3) L'avenir avec les onduleurs grid forming qui sont capables idéalement de remplacer les alternateurs, en introduisant de l'inertie virtuelle.
J'ai envie dire "the future is now" car sur des onduleurs de ~100kVA, les fonctionnalités que tu décris dans 3) sont quasiment toujours disponibles.
Je configurais même des onduleurs batteries SMA 6kVA pour faire du Q(U) (réglage de tension) et P(f) (réglage de fréquence) il y a 10 ans, pas exactement des gros bestiaux à la pointe de ce qui se fait :-) Mais ca marchait relativement bien.
Il faut bien voir que le pilotage, c'est à dire les consignes en puissance active, réactive, fréquence et tension (en fonction de son mode actuel) utilisées par l'onduleur sont générées par du software, et que les règles implémentés sont... arbitraires, si je puis dire, vu que c'est du software.

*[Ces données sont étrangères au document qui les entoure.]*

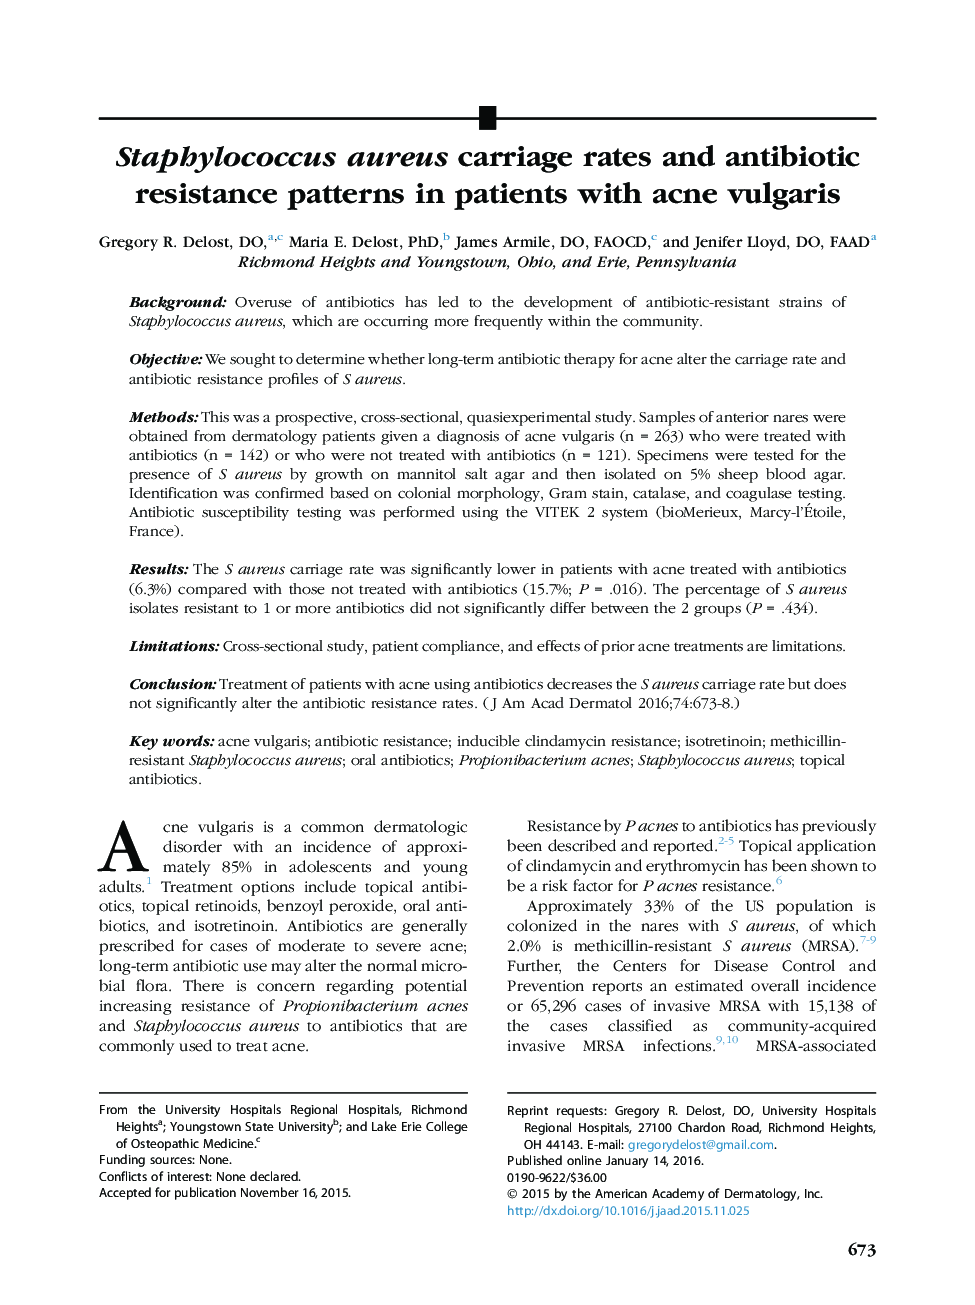 Staphylococcus aureus carriage rates and antibiotic resistance patterns in patients with acne vulgaris

Tout comme le fait que l'onduleur soit grid forming, grid following ou un mix des deux. On fait ce qu'on veut tant qu'on ne crame pas les ponts IGBT (et là encore, il y a du hardware pour éviter que ca ne se produise).
Par exemple, sur un projet de micro-réseau, j'utilise des onduleurs PV huawei 50kVA pour faire du réactif la nuit. Ca me permet d'éteindre un groupe électrogène sur les deux, car la nuit, la conso de puissance active est faible et on a majoritairement du réactif lié au réseau enterré.
La journée, ces onduleurs PV injectent quasiment à cos phi 1 car ils sont dimensionnés ric-rac par rapport au champ PV qui est derrière et qu'il vaut mieux produire la puissance active à partir de solaire que de diesel.
Ce n'est qu'un exemple parmi d'autres, mais j'essaye d'illustrer le fait qu'un onduleur peut faire énormément de choses.
Si les petits onduleurs PV ne font pas de réglage de tension, se découplent très rapidement en cas de variation brutale de fréquence et ne réduise leur contribution en puissance réactive qu'au delà de 50.2Hz, c'est parce que le grid code l'exige... Si ils commençaient à réduire leur puissance active plus tôt, à 50.1Hz par exemple, et qu'ils la réduisaient également graduellement lorsque la tension monte au dessus de 250V par exemple, ils participeraient à la santé globale du système, même si ils ne peuvent pas aider lors d'une chute de fréquence.